The drive to create “digital twins” of physical facilities is transiting from idea to reality, as sophisticated owners and their construction management consultants begin harnessing the growing power of computer processing, reality capture and improved data management tools and techniques to begin putting digital meat on the twins’ bones.

One of the latest examples is a growing digital twin of the New York City Metropolitan Transit Authority’s $10-billion East Side Access project. The ESA’s cavernous, almost nine-block-long concourse has become a testbed for the technology, which has, in turn, led to further developments of the tools and their use on other projects.

LiRo Group “is taking the digital twin into operations,” says Lennart Andersson, director of VDC and senior associate vice president at the New York-based construction management, engineering, environmental, architectural and program management firm. “We’re making sure the contractors are populating the BIM with the data.”

In its role as construction manager, LiRo has been collecting scans and spatial data on the ESA concourse since May 2017 and developing tools, simplified tagging schemes and nomenclature to relate the real-world metadata about asset objects to their digital counterparts in the BIM. It is changing a 3D geometric model into a database of the actual facility—a digital twin—in the process. “BIM is a spatial database, but few use it like that,” says Andersson. “Generally, this industry is not looking at that concept. BIM is being used to visualize. We’re using it as data.”

LiRo’s Virtual Design, Construction, & Operations Services group created Form D, an app for data collection, which is about to be released for public use. John B. McCaffrey, CIO, says the group has added “Operations” to the VDC unit in recognition that the digital twin is there to serve the full building lifecycle. “That’s what it is all about: the building being up and running,” he says.

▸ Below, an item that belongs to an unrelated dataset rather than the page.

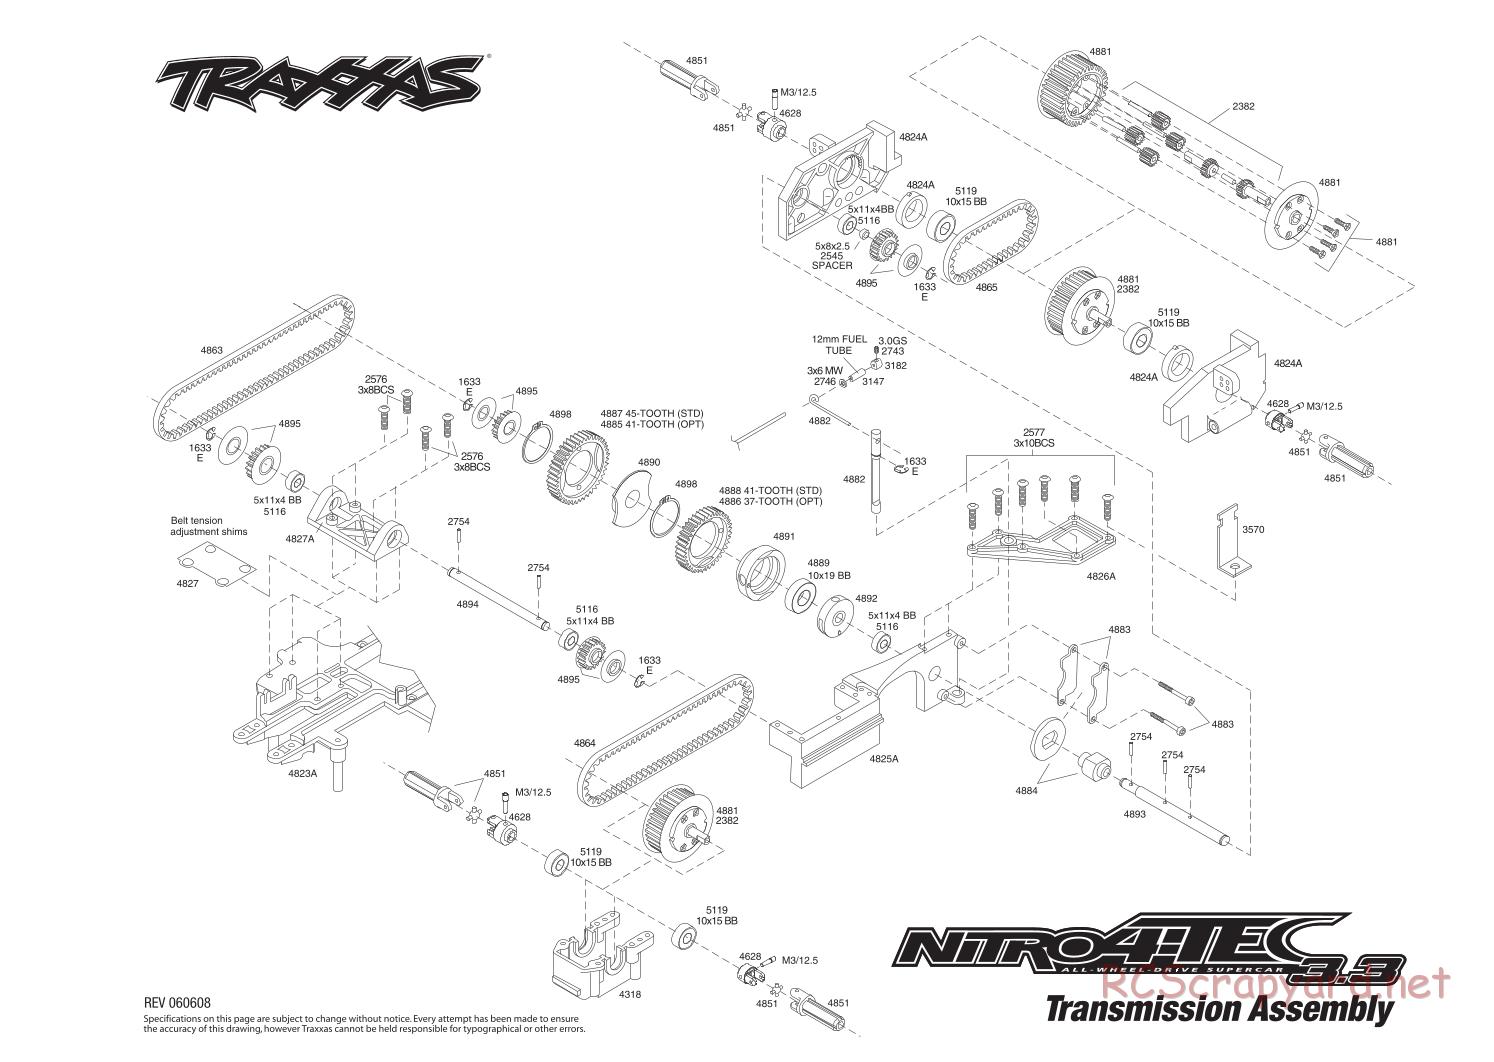 Traxxas - Nitro 4-Tec 3.3 (2006) - Exploded Views - Page 4
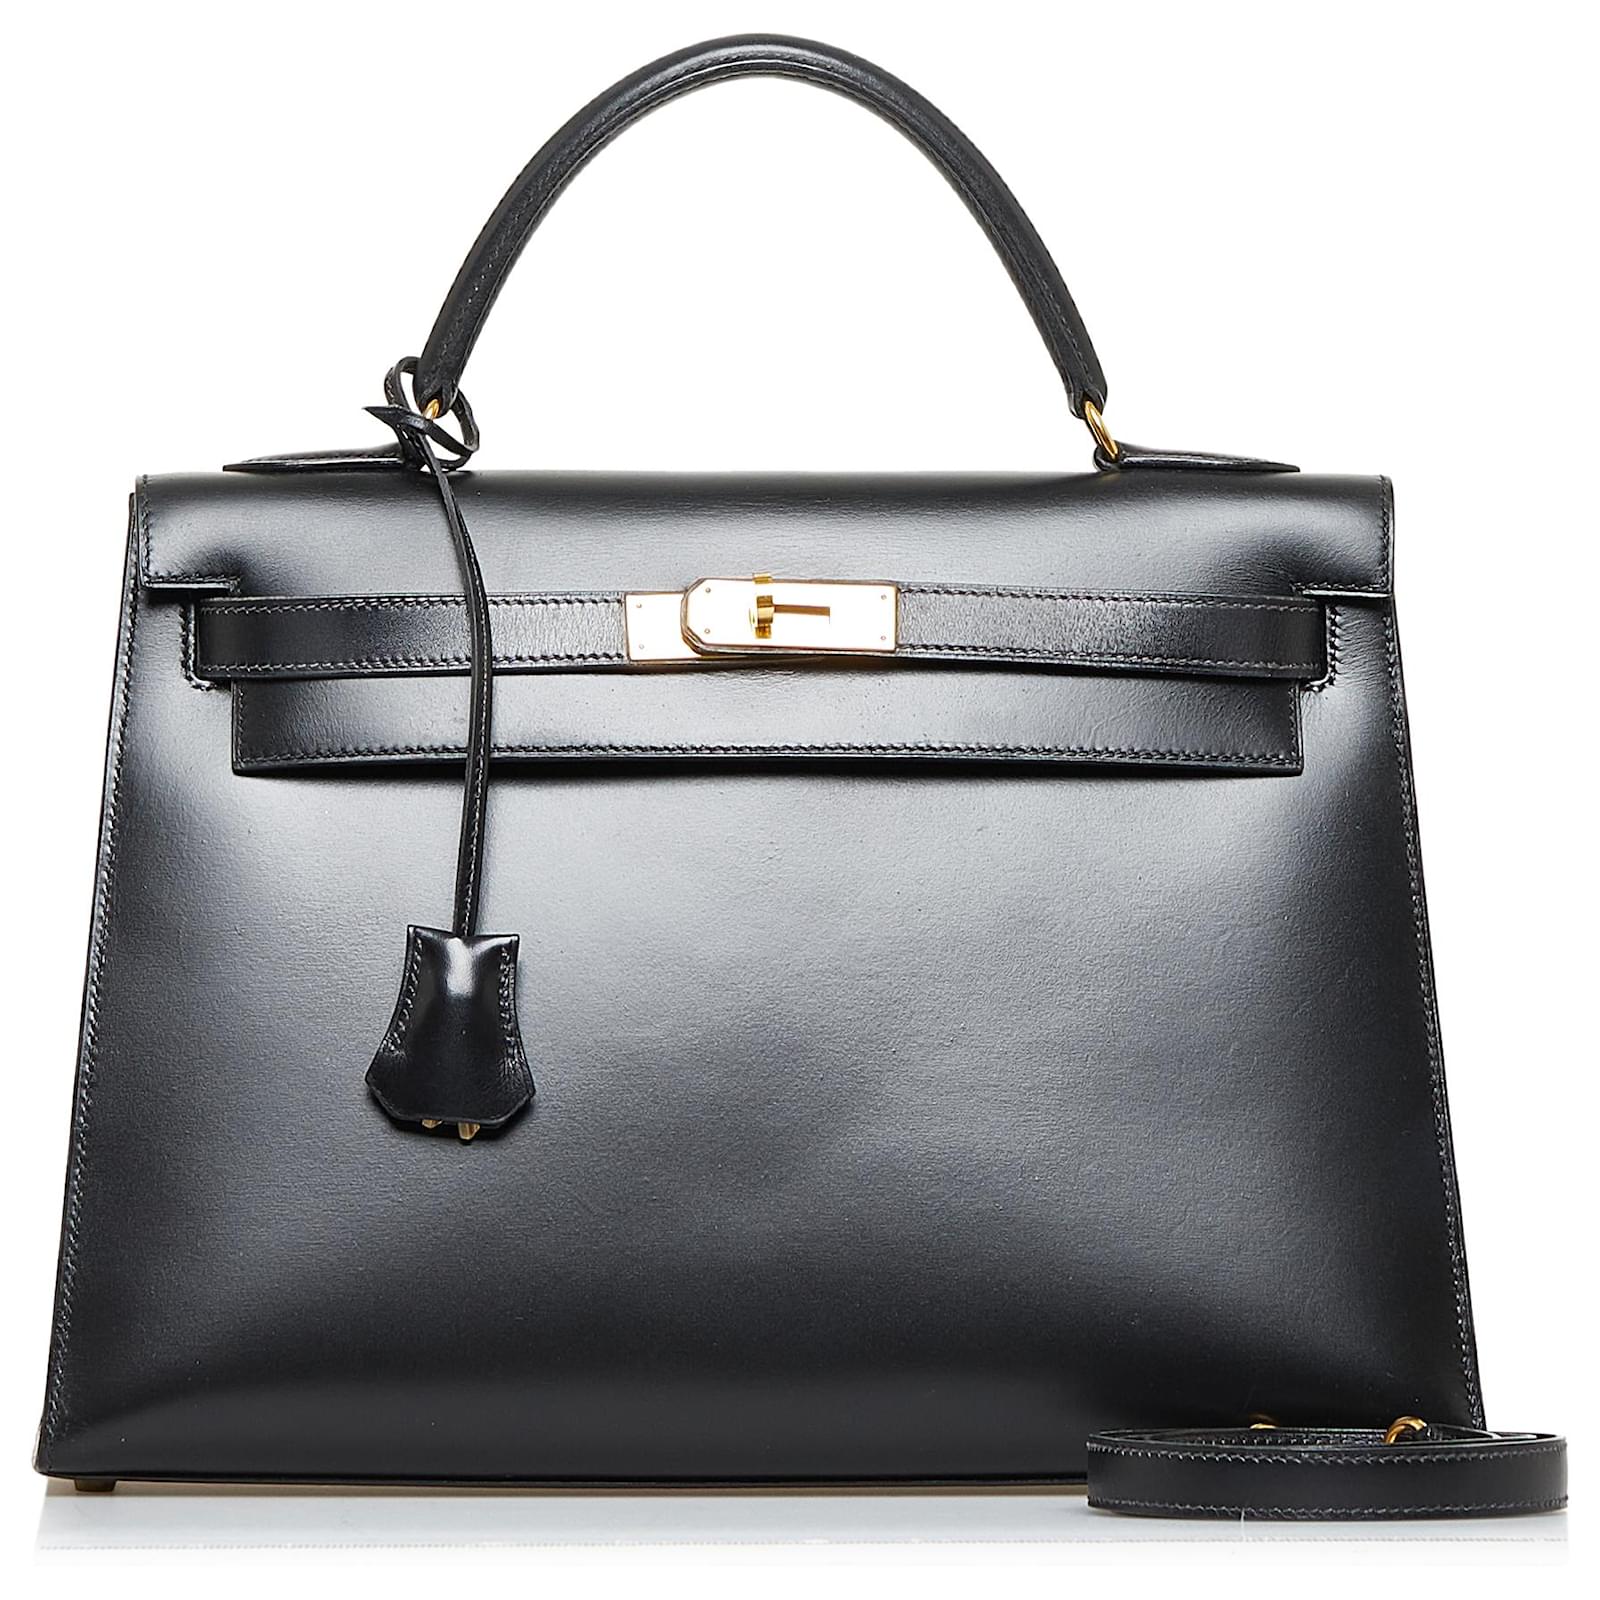 Hermes Kelly 32cm So Black Box Leather

In a preview of Form D at the company’s new VDCO lab in lower Manhattan on March 14, Andersson demonstrated how the app initially was developed for inputting field confirmation about structural object status and feeding it into the BIM. Andersson says Form D can be used to feed object data into any facility or infrastructure BIM, although it is optimized for use within the BIM and construction management practice LiRo offers as a service to owners.

In a view of the ESA BIM, the status updates can be visualized by color-coded representations of elements, but more significantly, the status data can become part of the owner’s operating platform for all business systems, processes and purposes involved with the project, including accounts payable.

Andersson says the VDCO group’s impending introduction of Form D will include a new feature designed to support bridge inspectors. The group has taken scans of New York’s Marine Parkway Bridge and developed a process to generate a clean model of the bridge from the scans. It will then generate 2D drawings from the model with all of the bridge elements automatically tagged to match the FHA’s National Bridge Inspection Standards and facilitate tablet use of Form D for inspection recording and capture of findings, back in the digital twin.

“It’s a tremendous problem, inspecting bridges,” Andersson says. “The app development was driven by the needs of the inspectors. They had the problem and we have created a solution.”